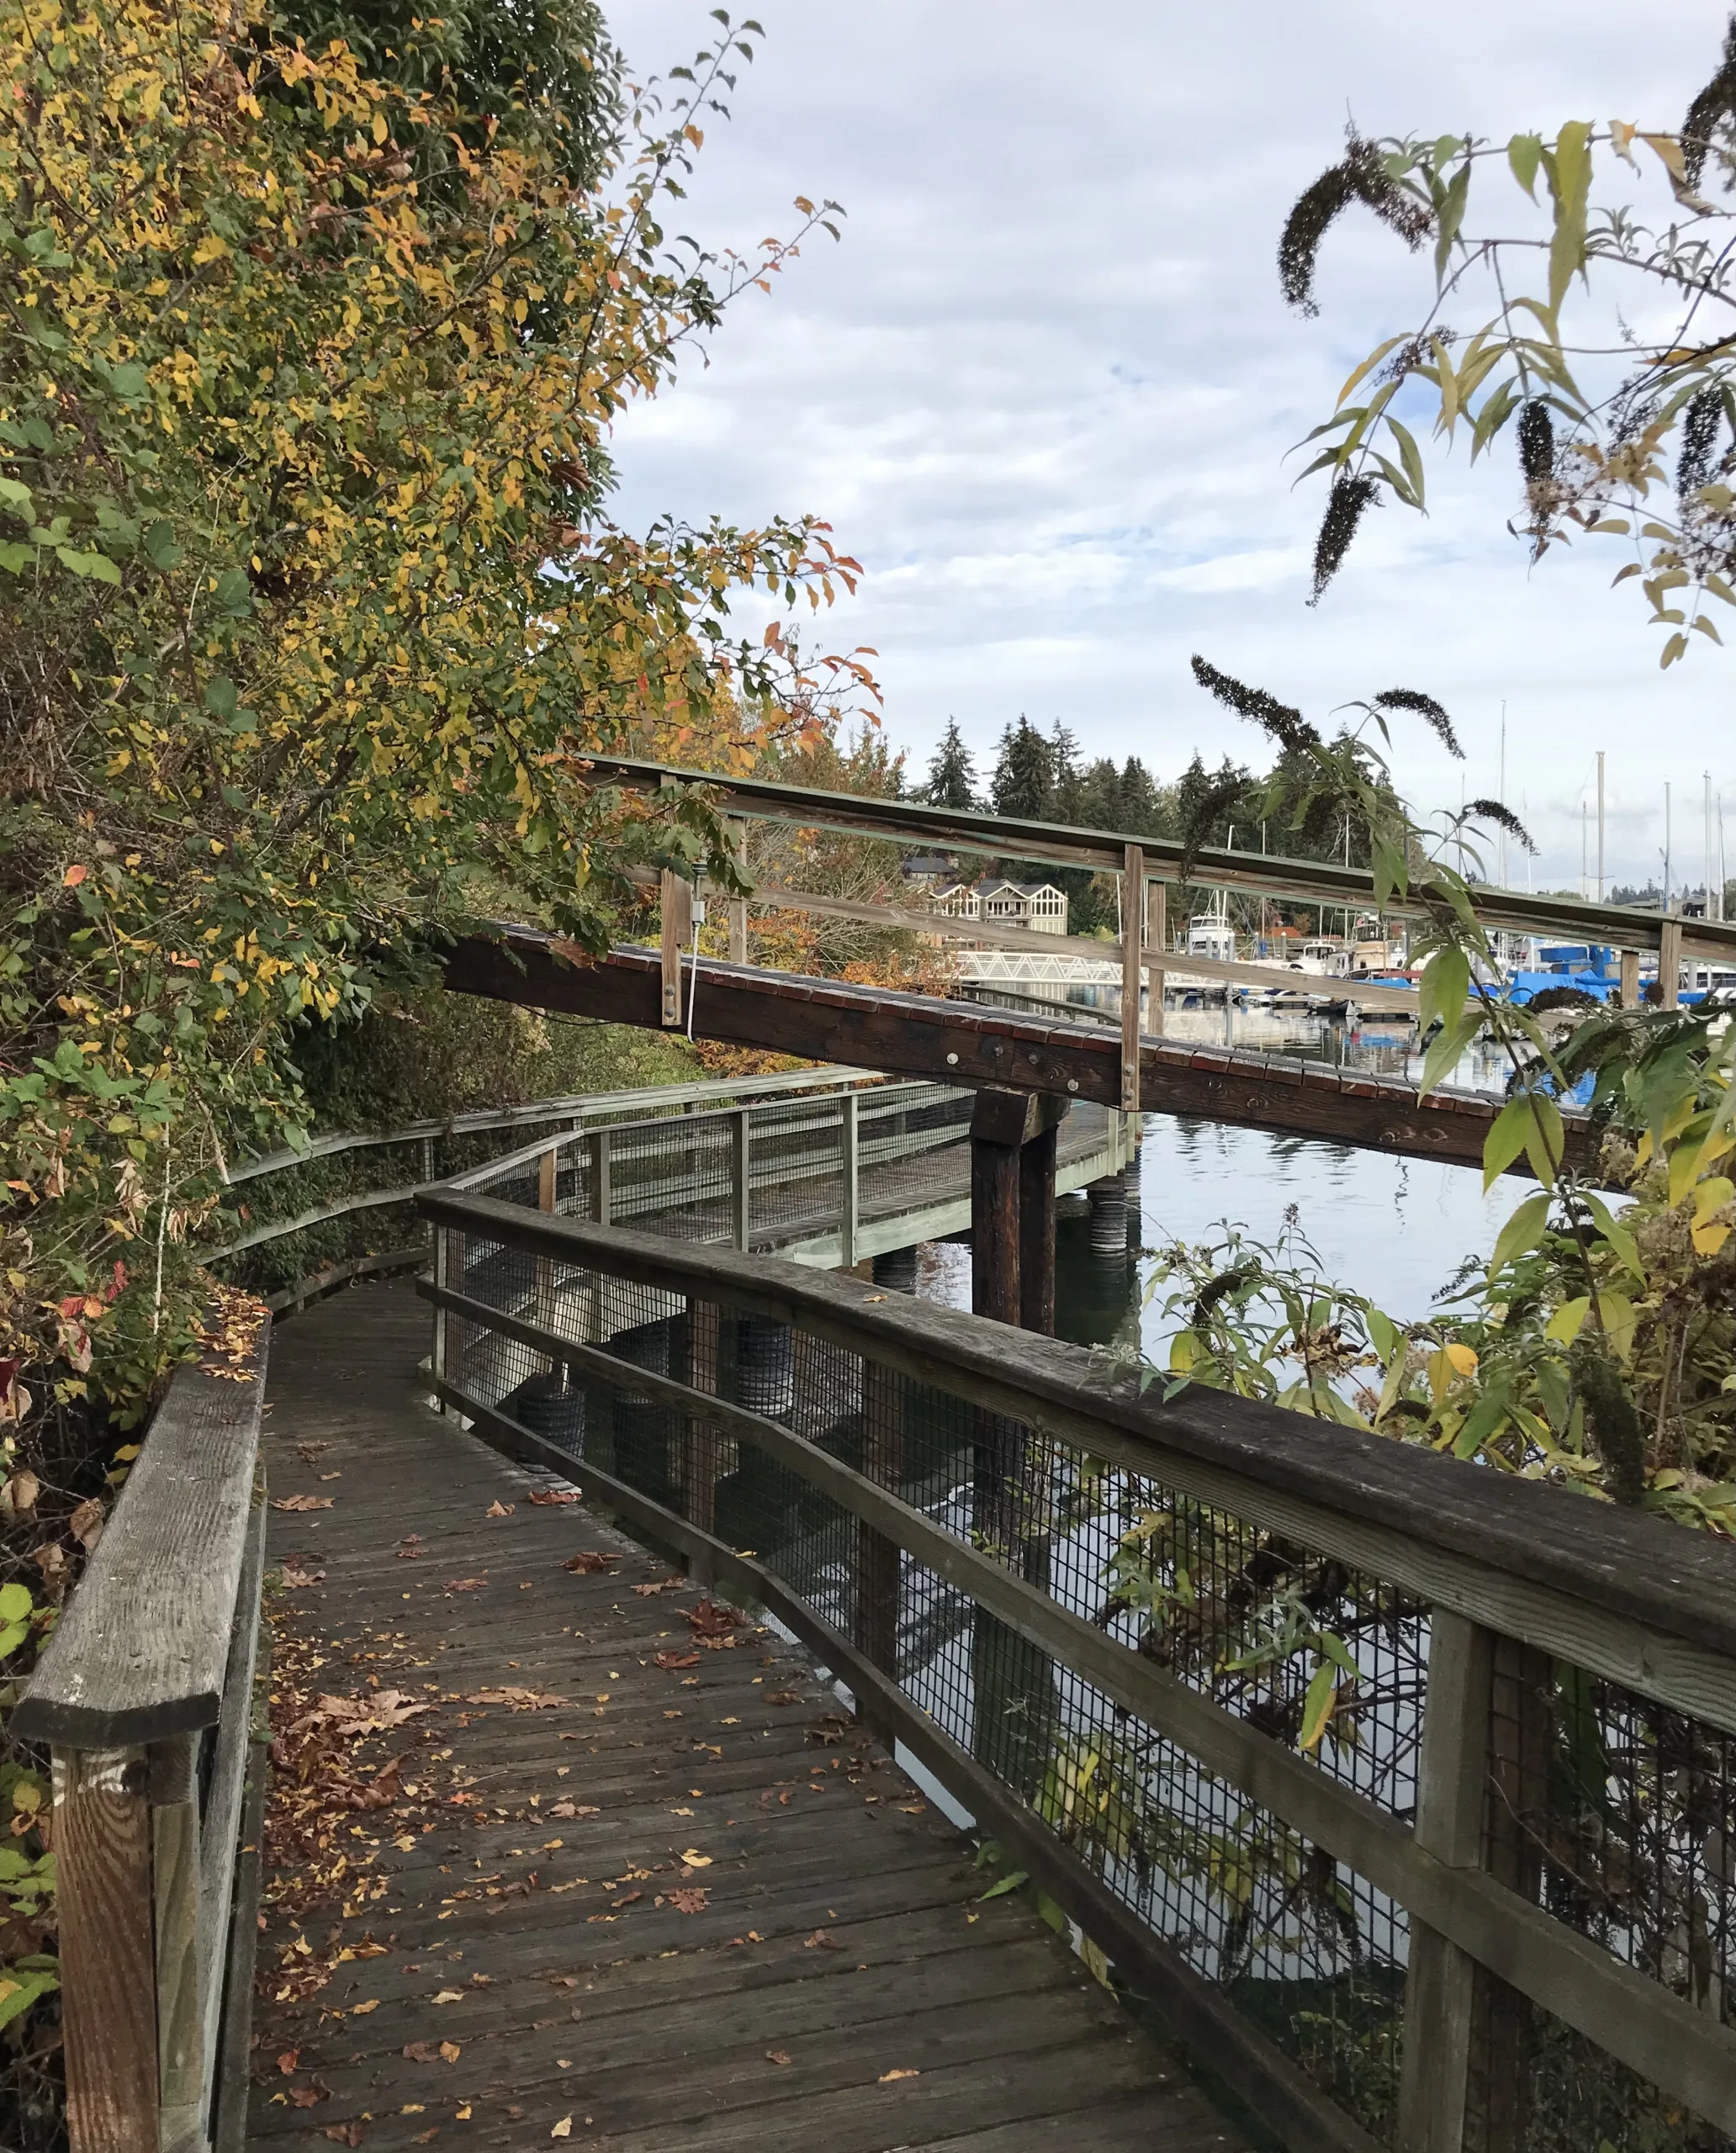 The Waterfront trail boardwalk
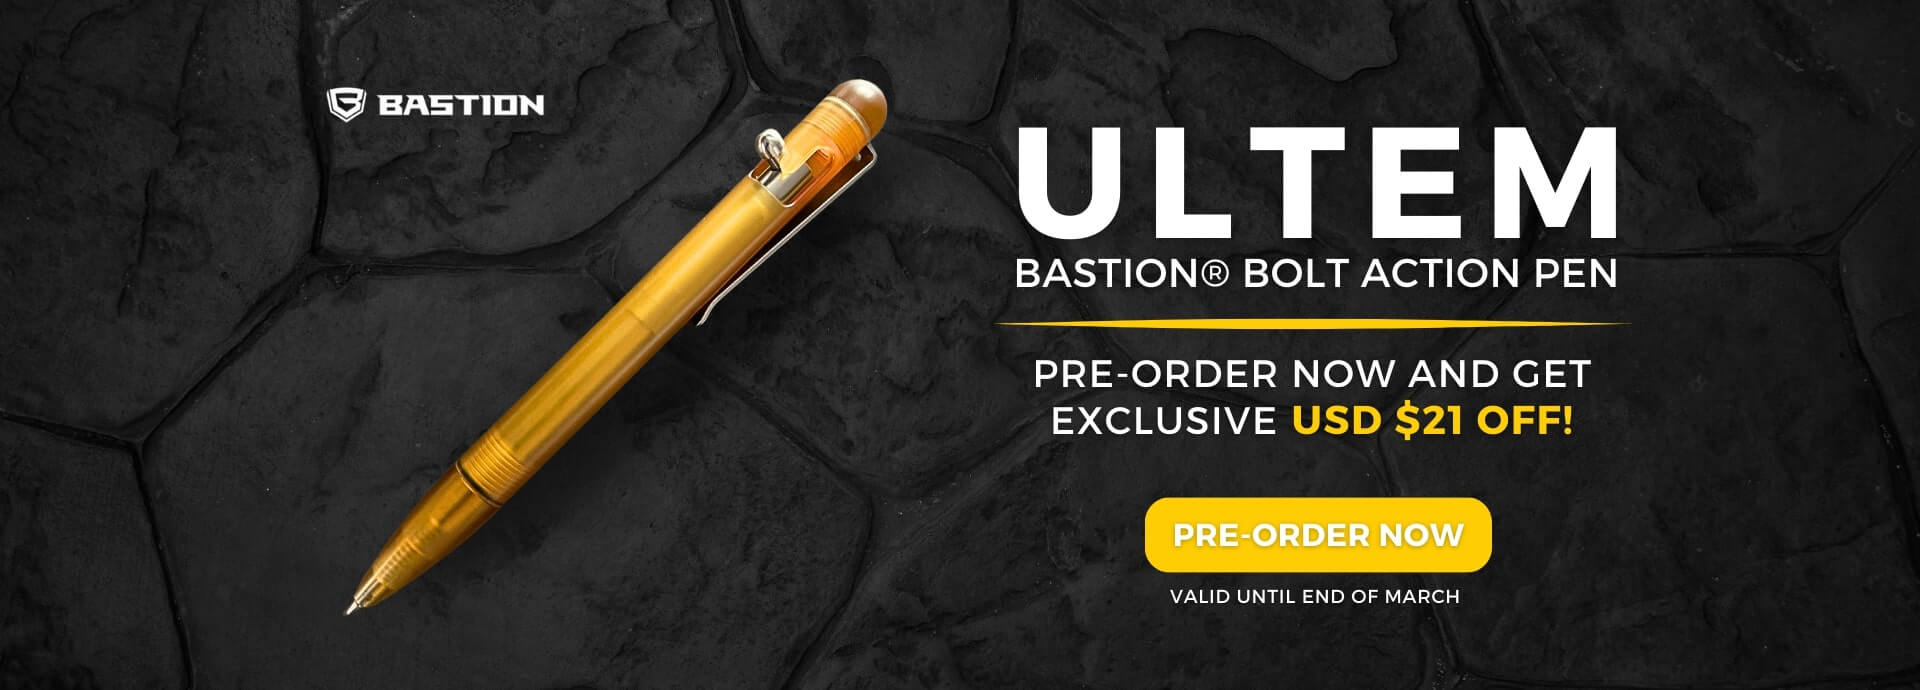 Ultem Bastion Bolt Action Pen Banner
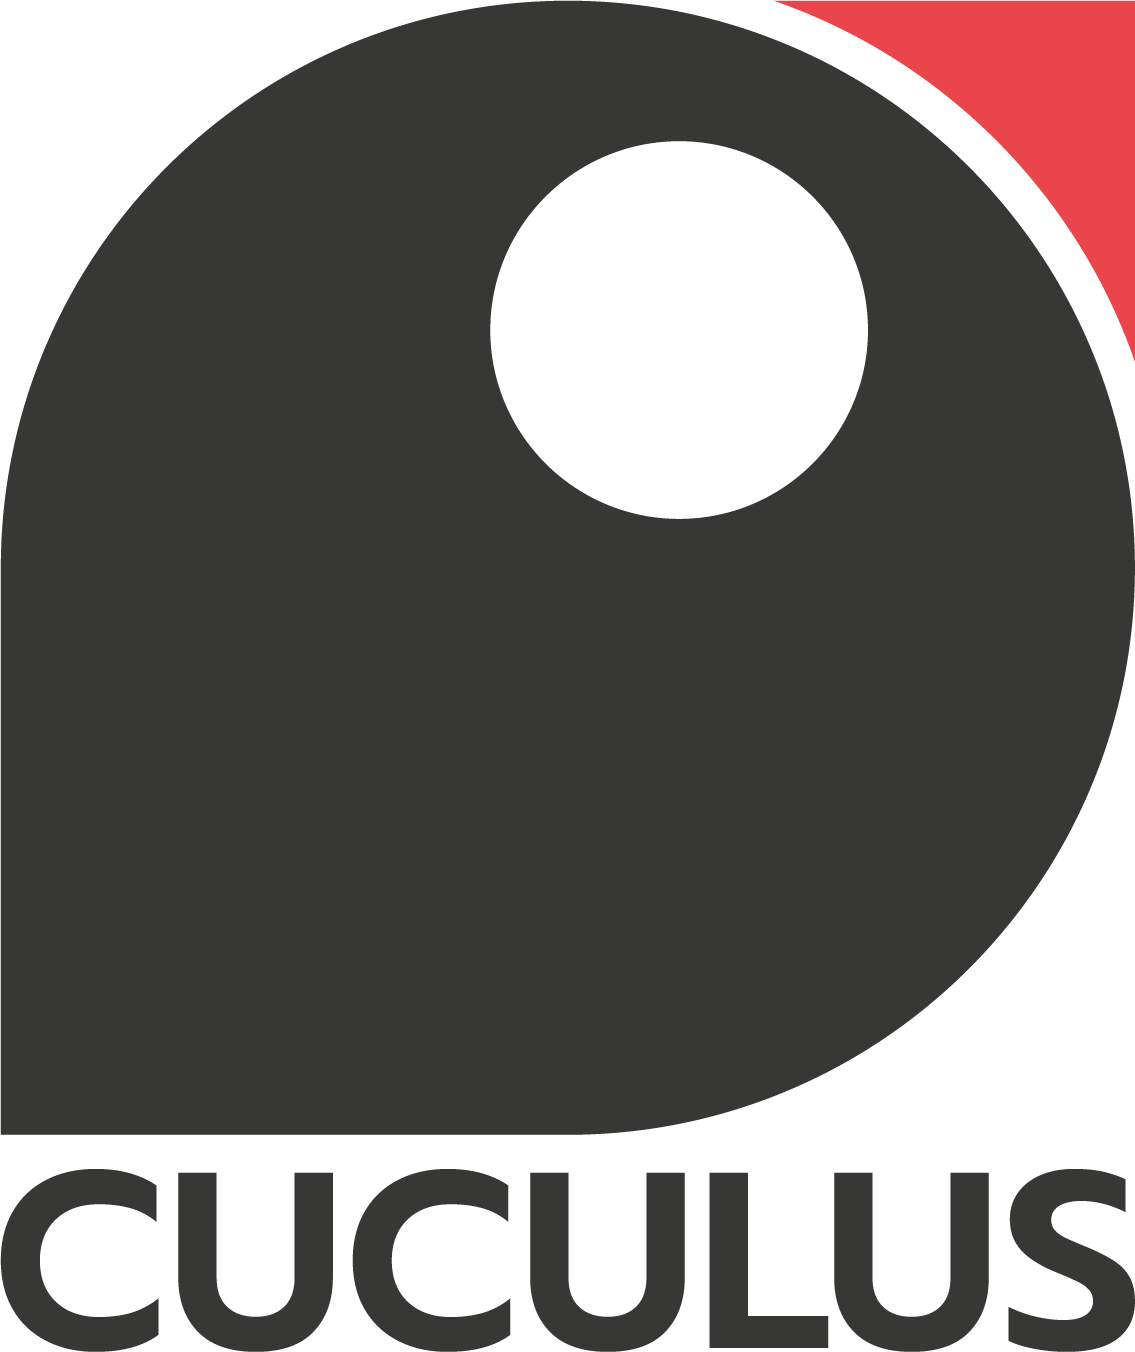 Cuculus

About this exercise: Could the data above be repeated exactly, with every picture dropped?

Finished task:
 The Waterfront trail boardwalk
 Ultem Bastion Bolt Action Pen Banner
 Cuculus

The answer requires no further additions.